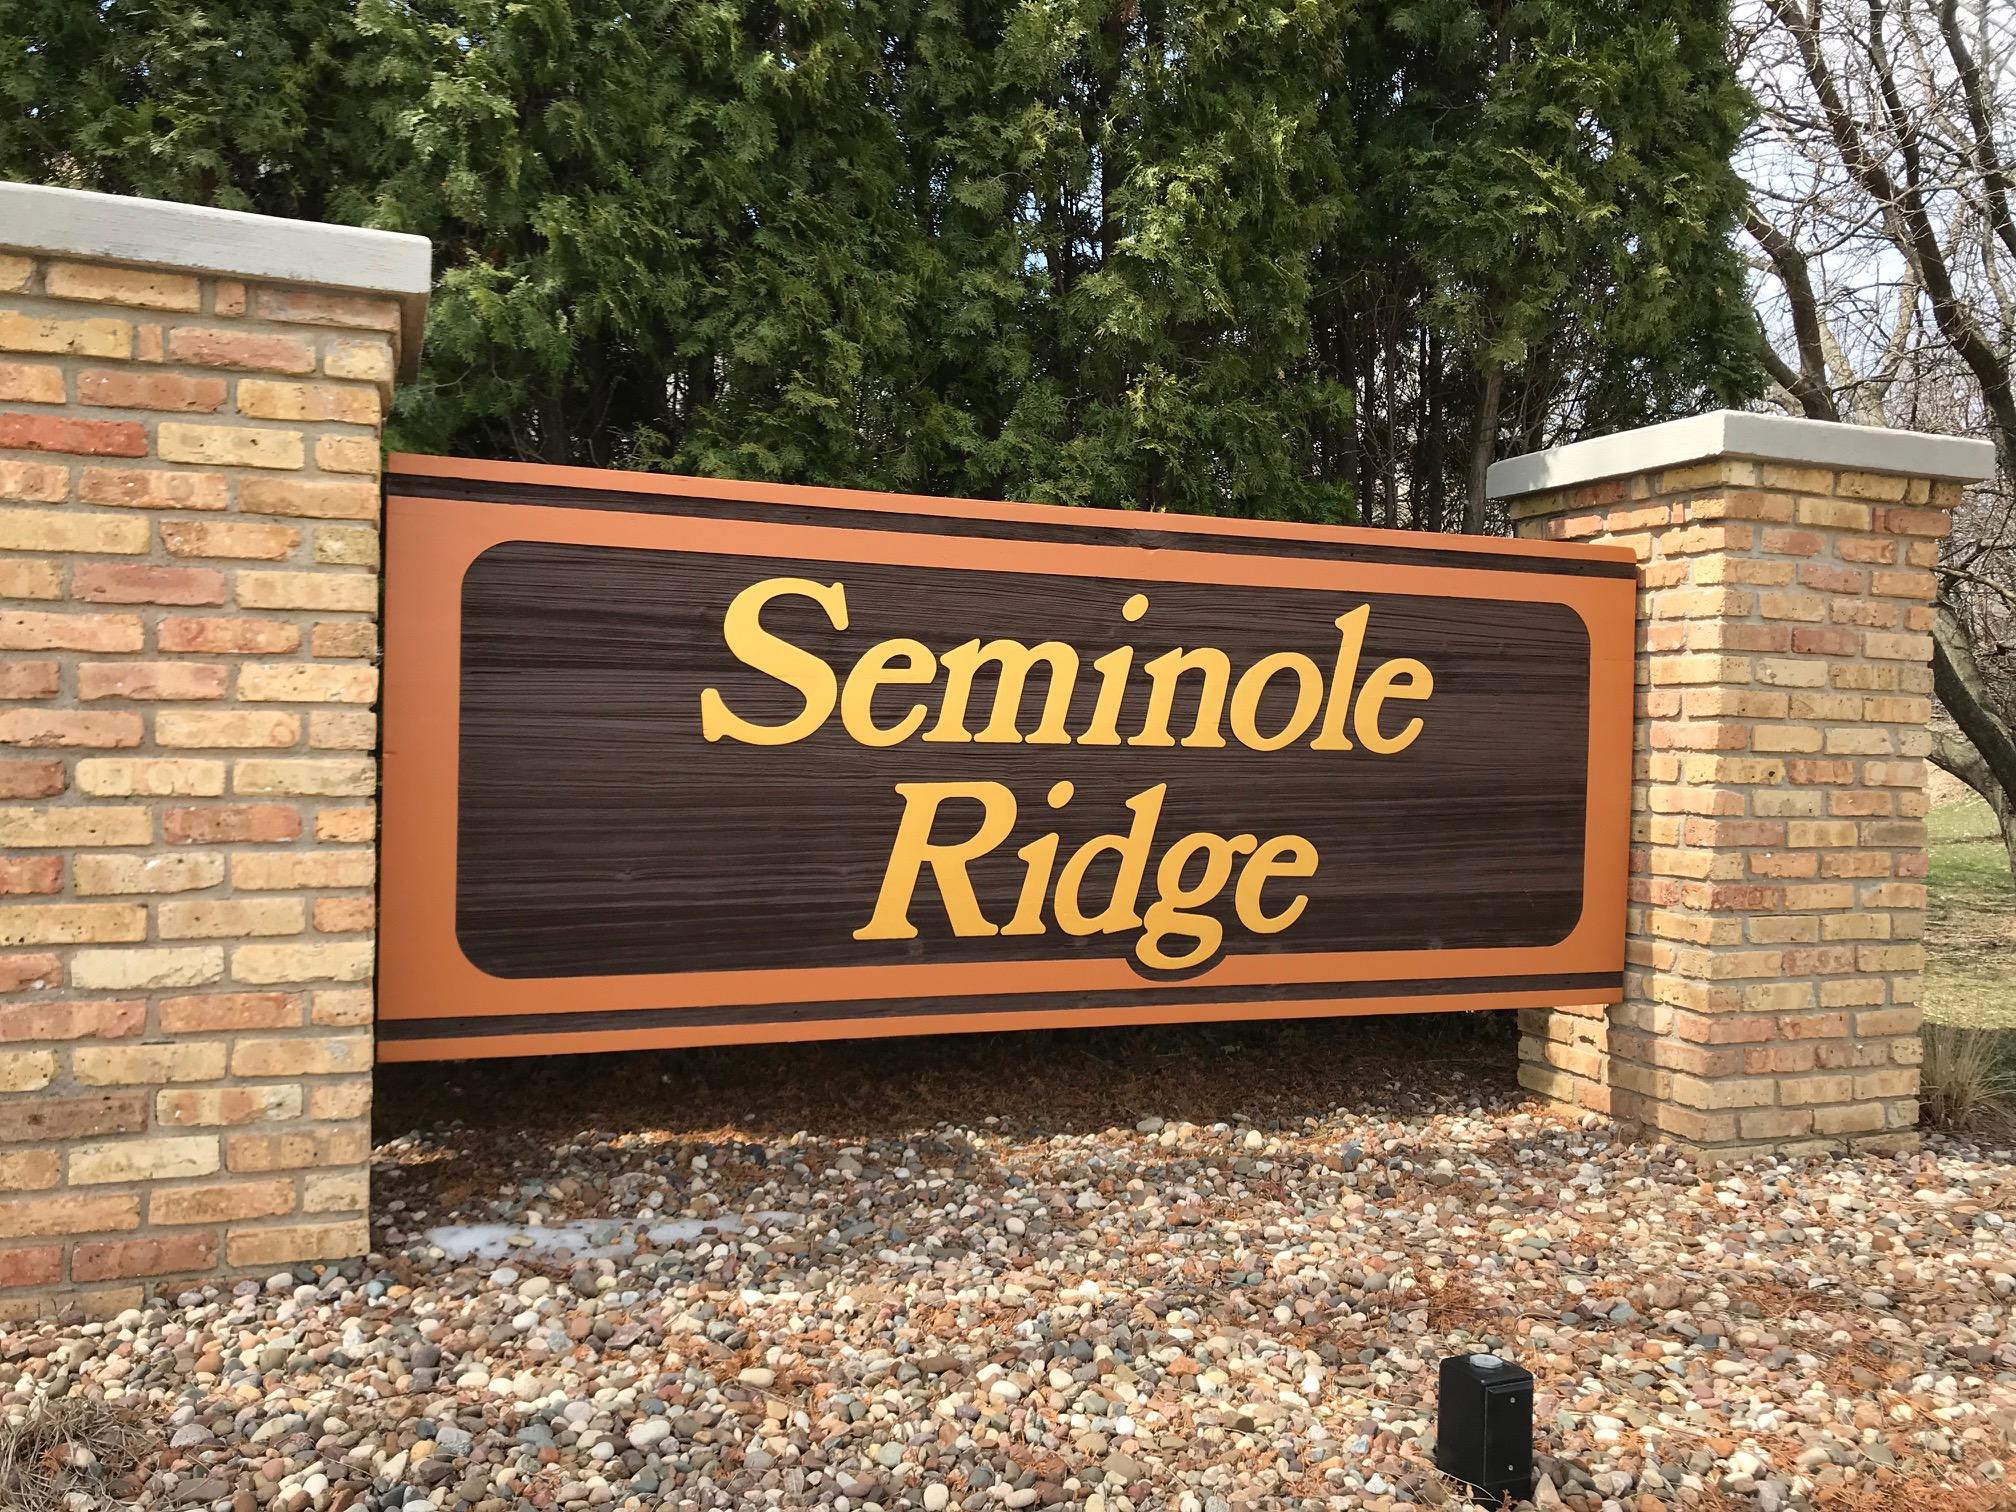 Seminole Ridge
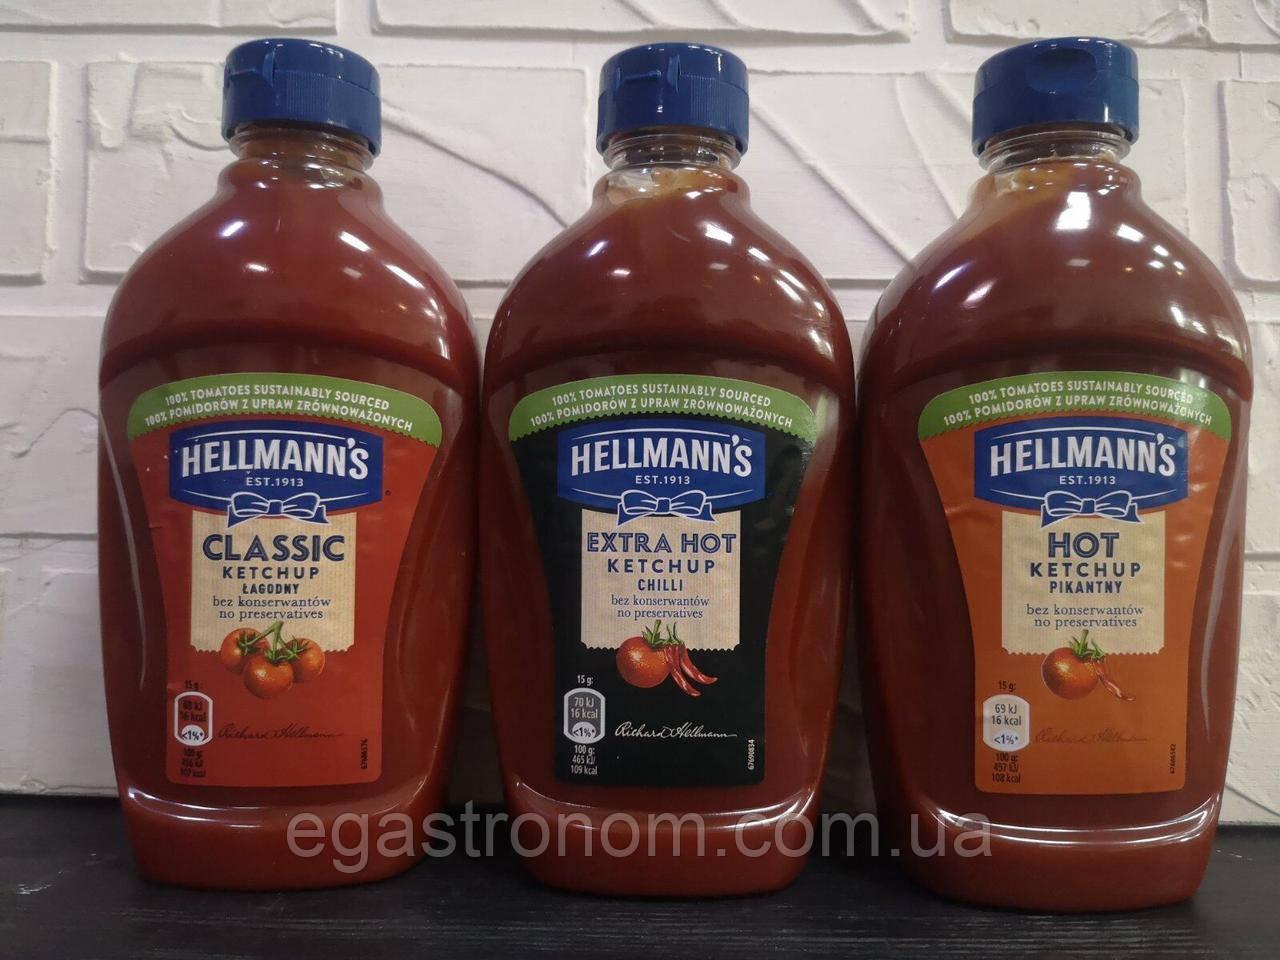 Кетчуп Хеллманс екстра хот Hellmann's 12 шт/ящ 485g (Код : 00-00003729)
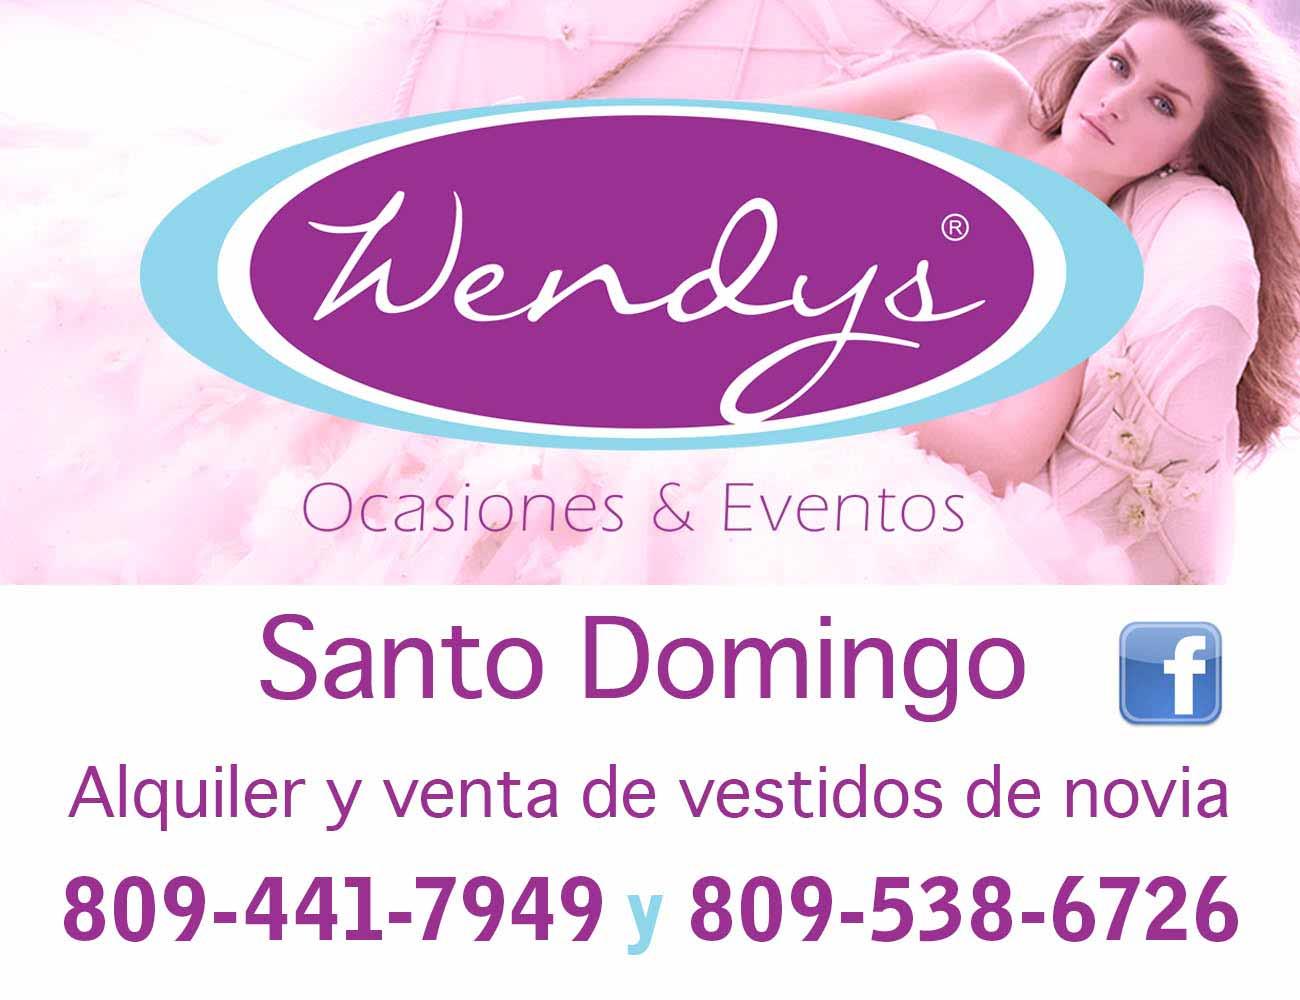 Exelent Alquiler De Vestido De Novia Image Collection - Wedding ...
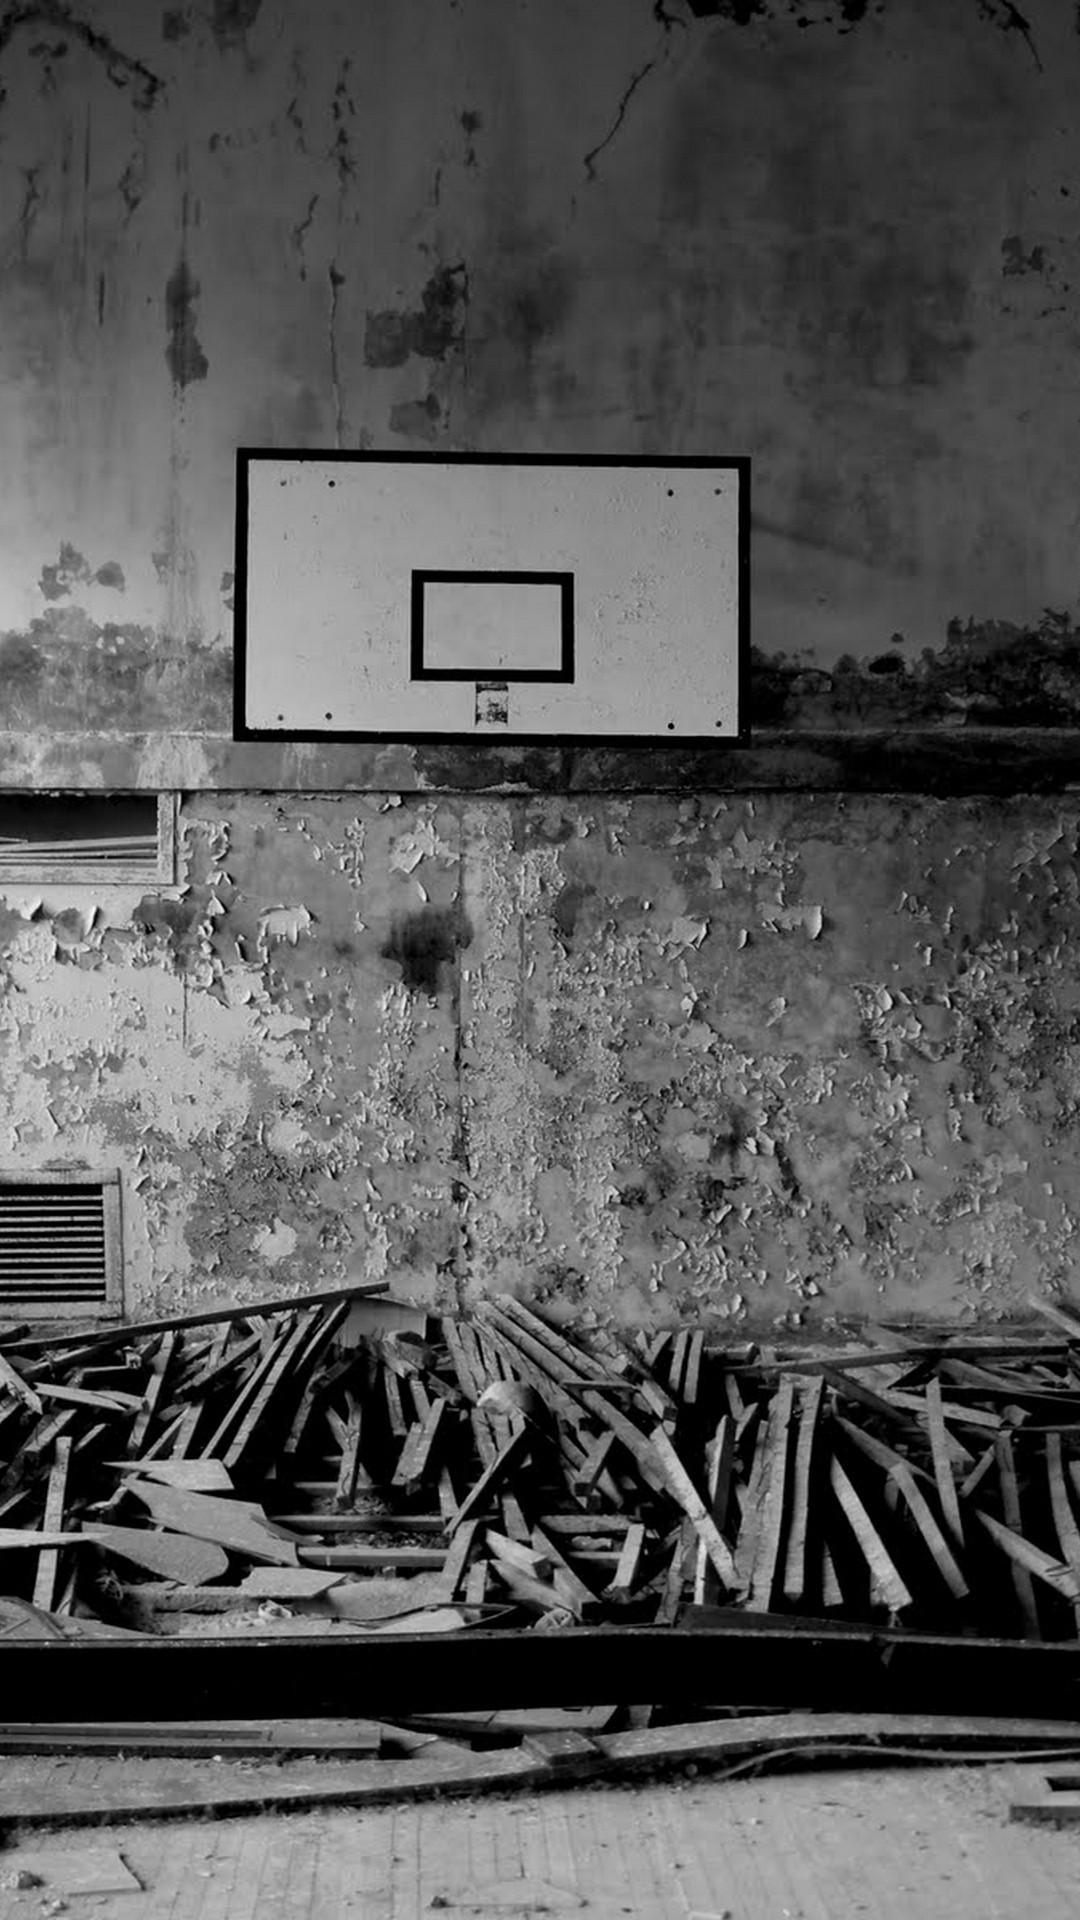 Free Download Nba Iphone 7 Plus Wallpaper 2019 Basketball

--

* **THE TASK**
Reproduce all of the data exactly; the pictures do not belong in the copy.

* **ANSWER TO THE EXERCISE**
 Seminole Ridge
 Кетчуп Хеллманс екстра хот Hellmann's 12 шт/ящ 485g (Код : 00-00003729)
 Exelent Alquiler De Vestido De Novia Image Collection - Wedding ...
 Free Download Nba Iphone 7 Plus Wallpaper 2019 Basketball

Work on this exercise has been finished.